Problem to solve: Down to the last line below, write out every line exactly, starting with the one that contains "bata-women-red-t-strap-flats-with-laser-cuts" and leaving out the pictures.

Data to examine:
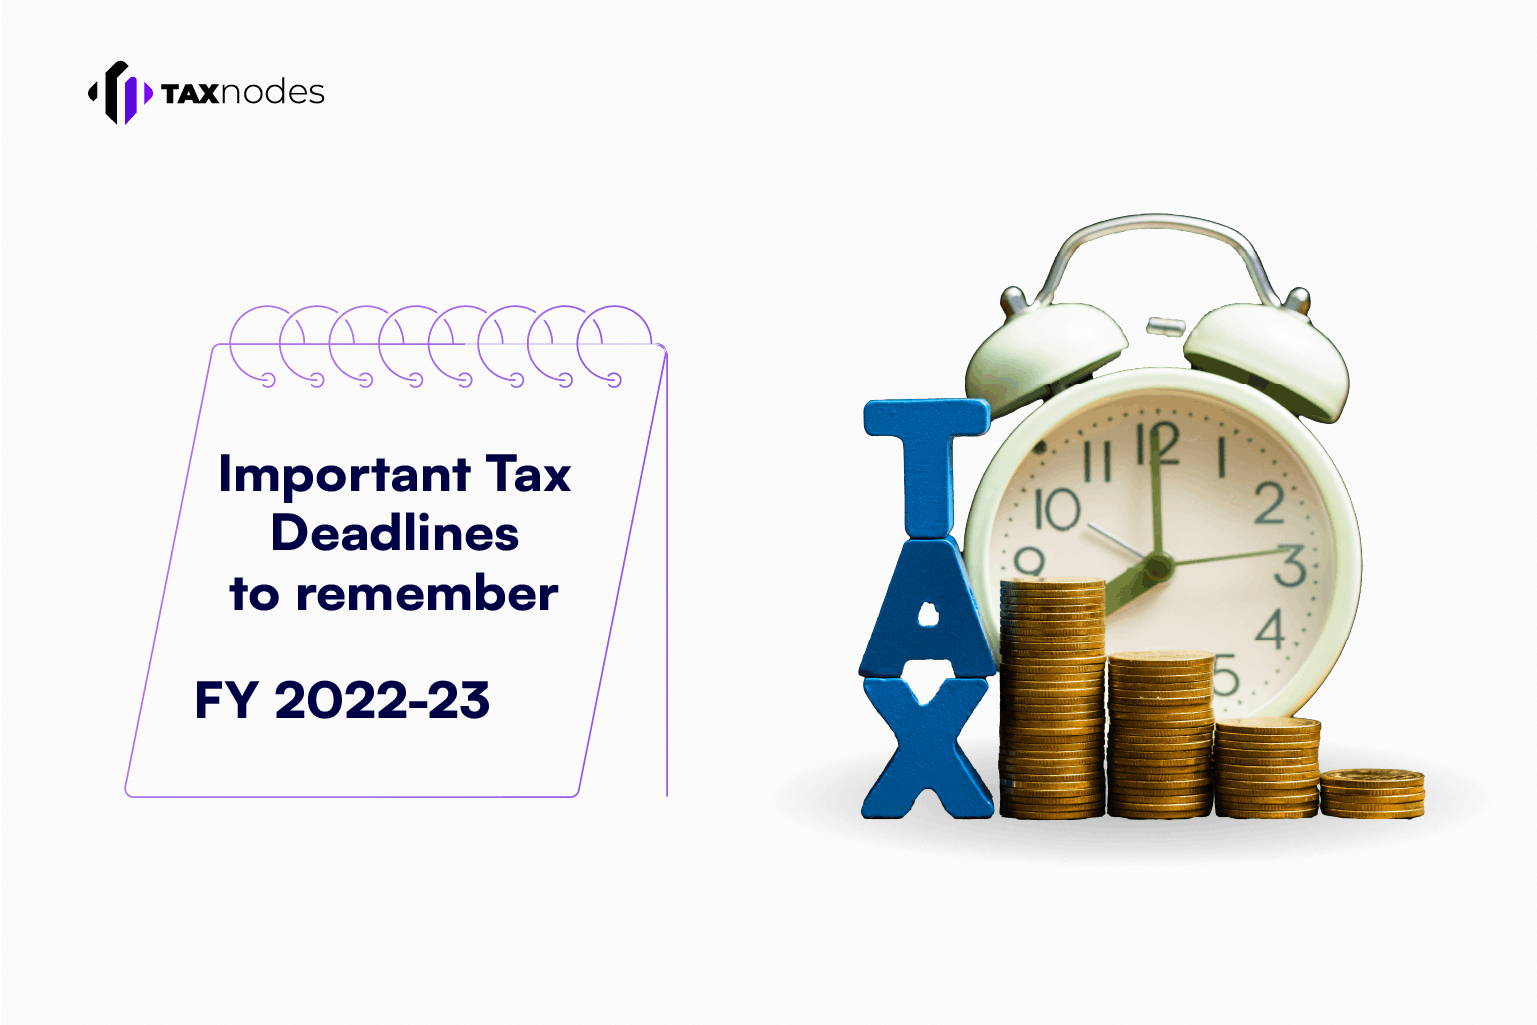 10 important tax deadlines to remember for FY 2022-23 and AY 2023-24
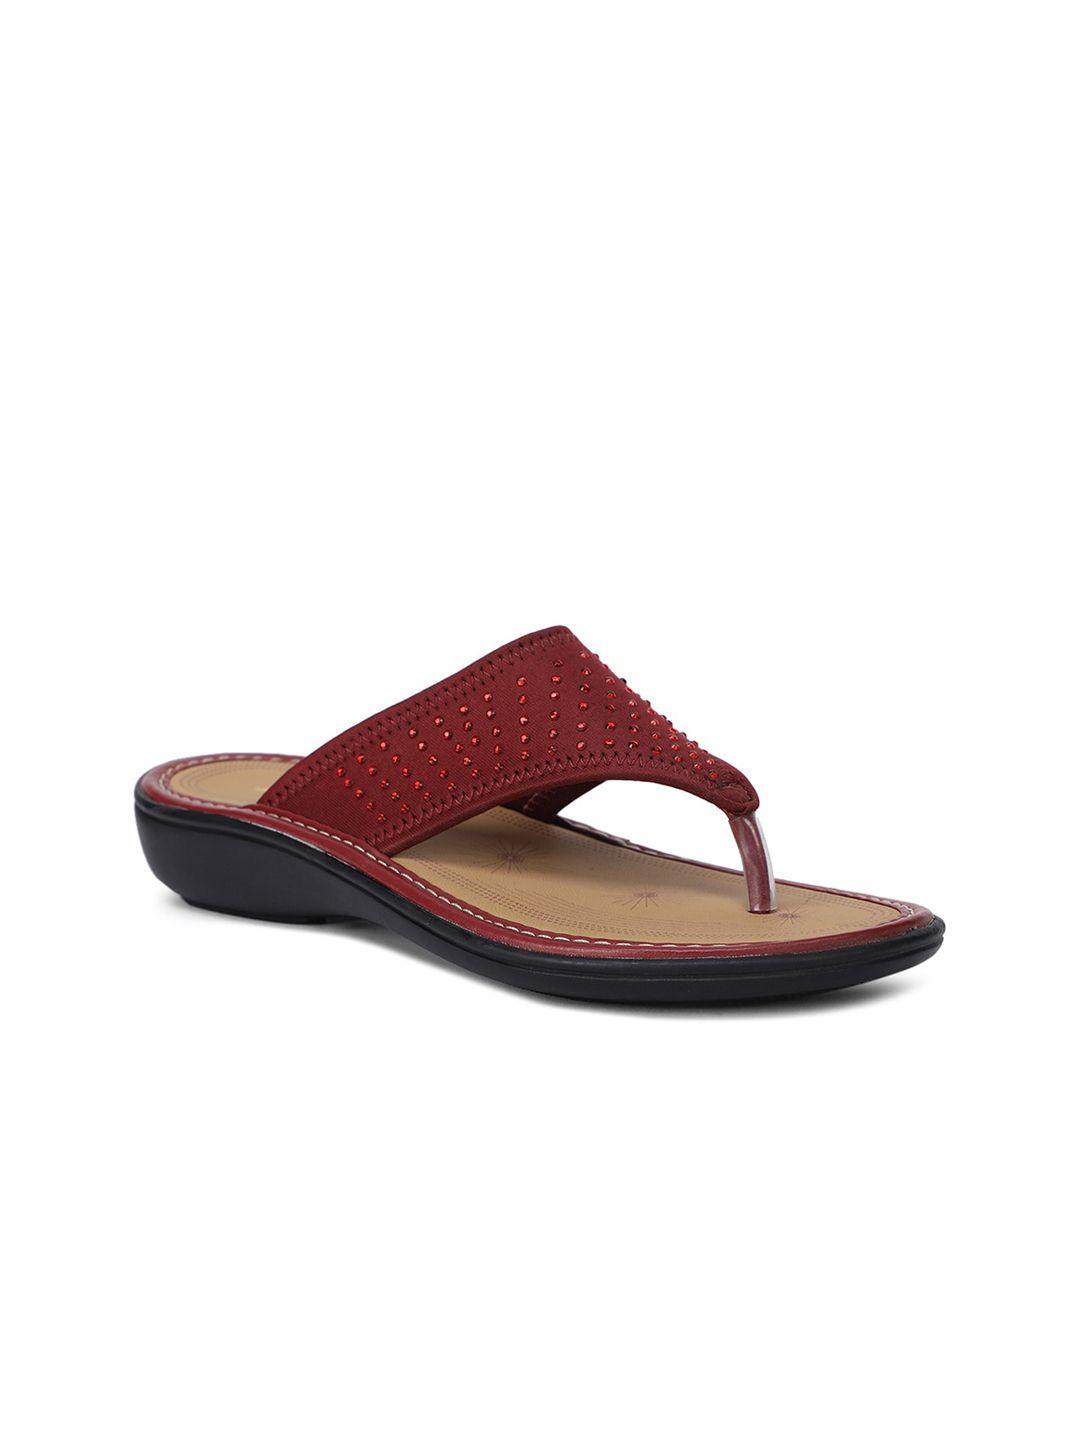 bata-women-red-t-strap-flats-with-laser-cuts
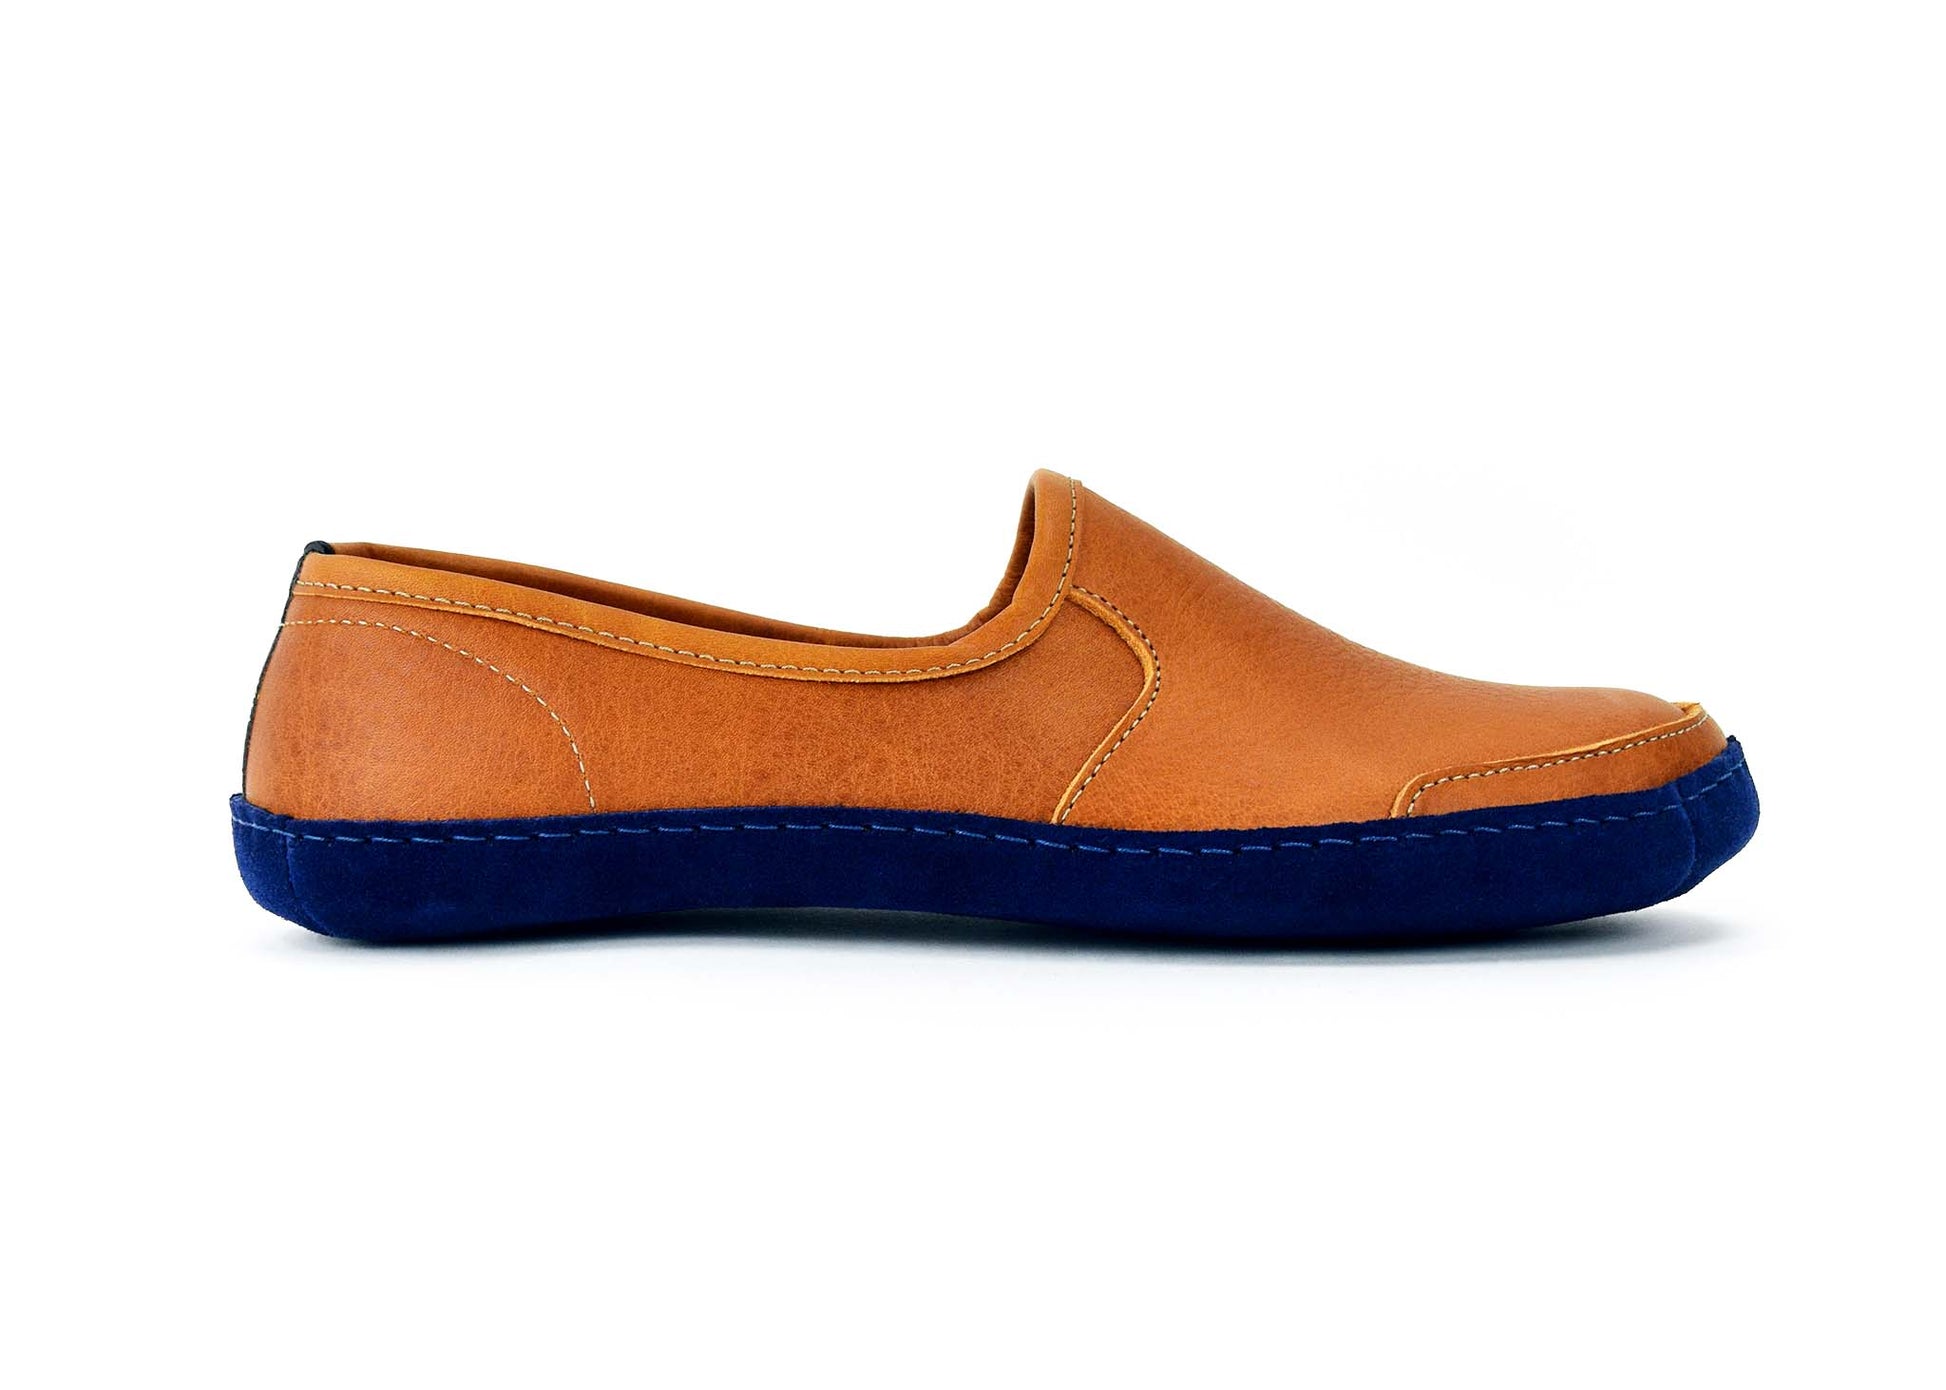 Vermont House Shoes - Loafer - Tan side view
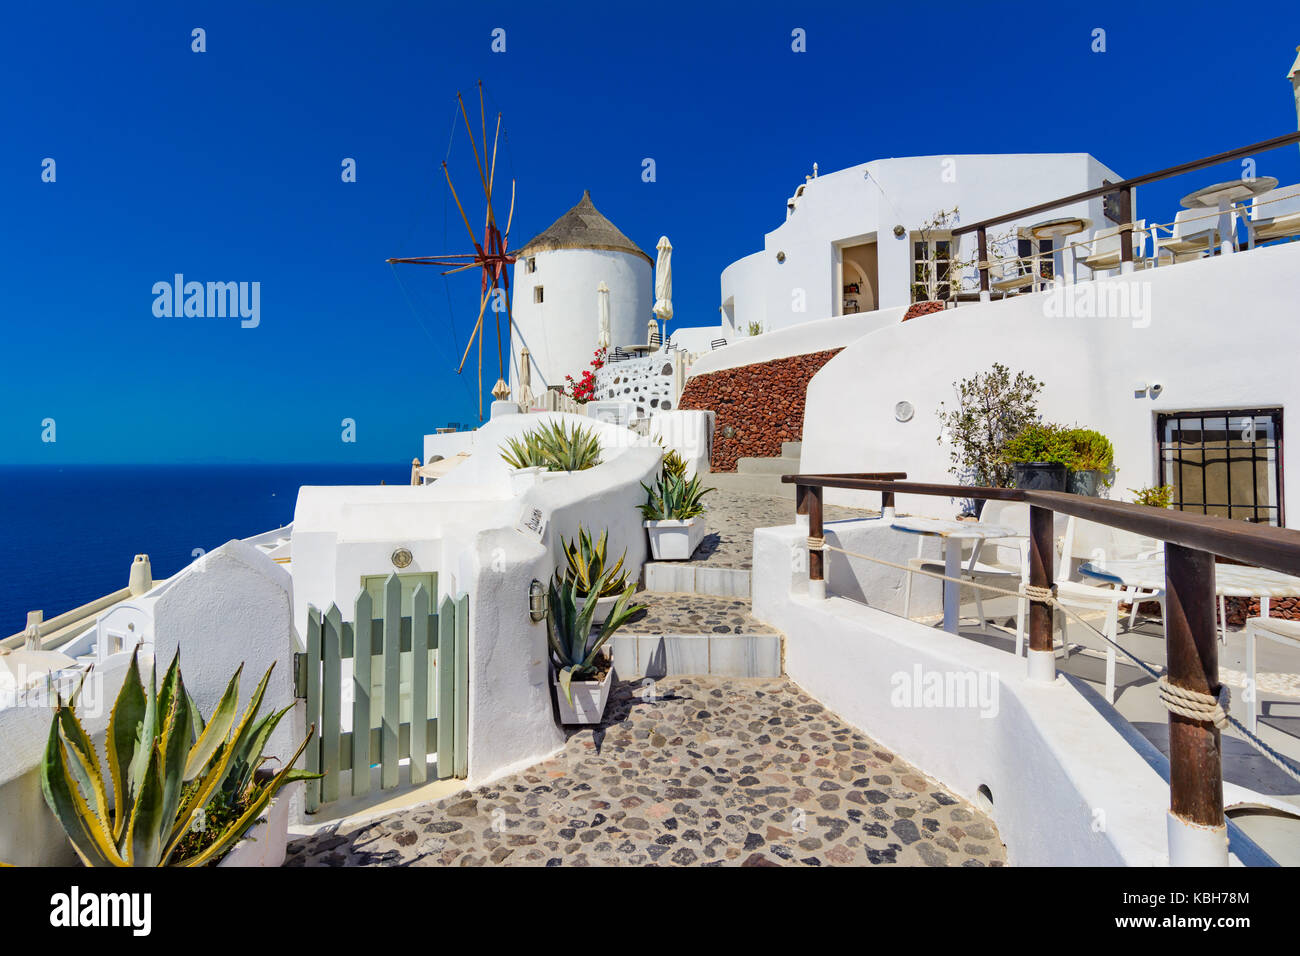 Oia town, Santorini island, Greece. Famous windmills on cliff, cobled streets and white houses over the Caldera, Aegean sea. Stock Photo
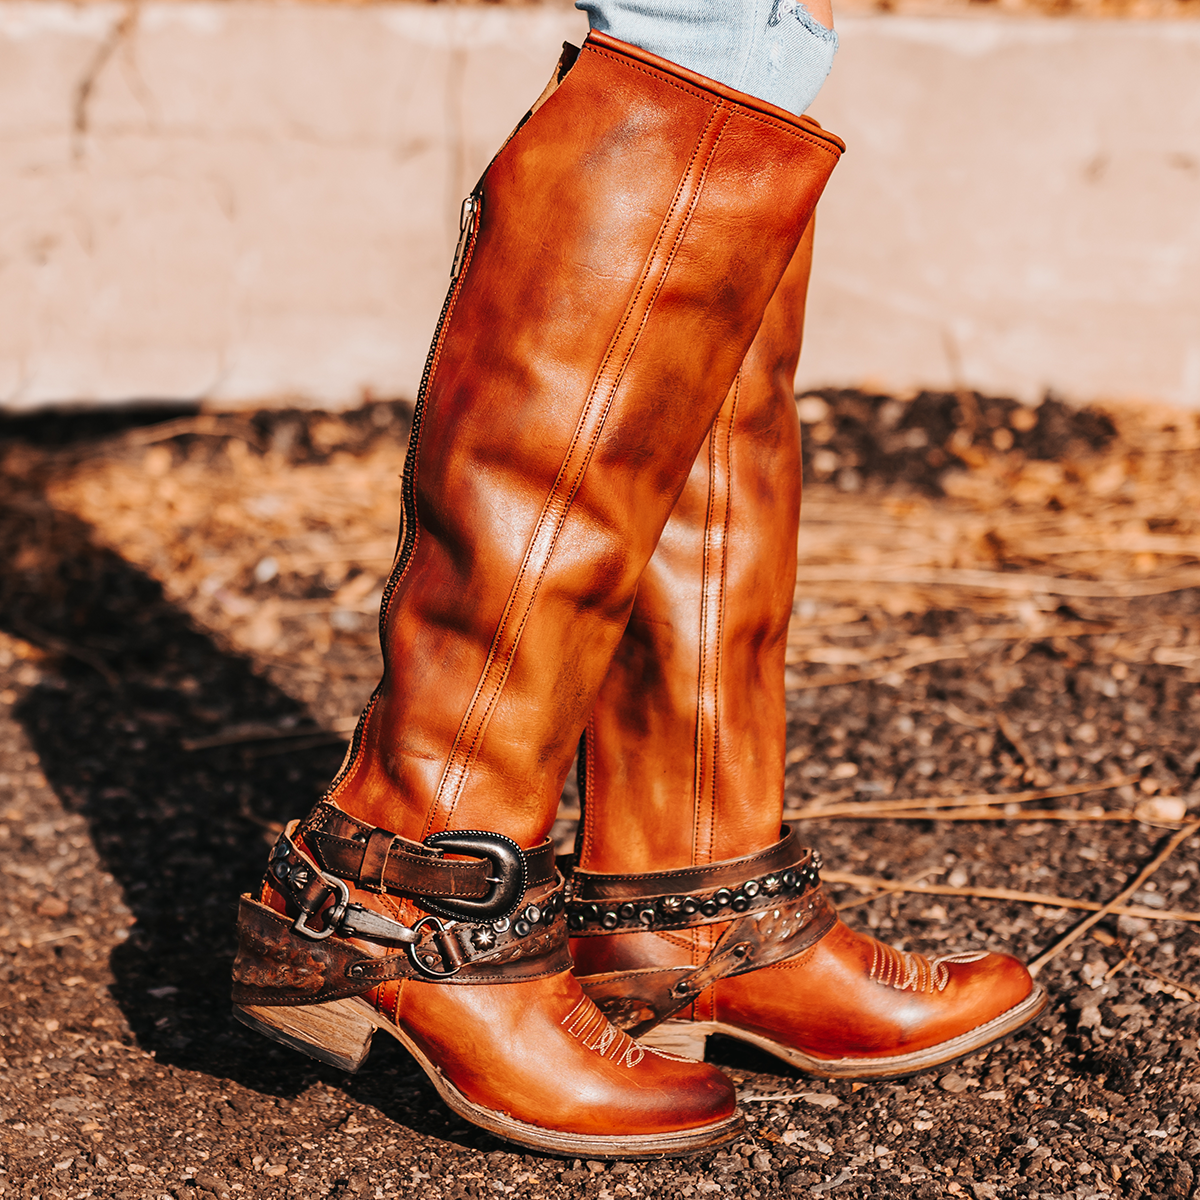 FREEBIRD women's Rodondo whiskey boot featuring a a relaxed silhouette, low heel, and mixed metal buckles

Written reply:
 bata-women-red-t-strap-flats-with-laser-cuts
 Vermont House Shoes - Loafer - Tan side view
 Oia town, Santorini island, Greece. Famous windmills on cliff, cobled streets and white houses over the Caldera, Aegean sea. Stock Photo
 FREEBIRD women's Rodondo whiskey boot featuring a a relaxed silhouette, low heel, and mixed metal buckles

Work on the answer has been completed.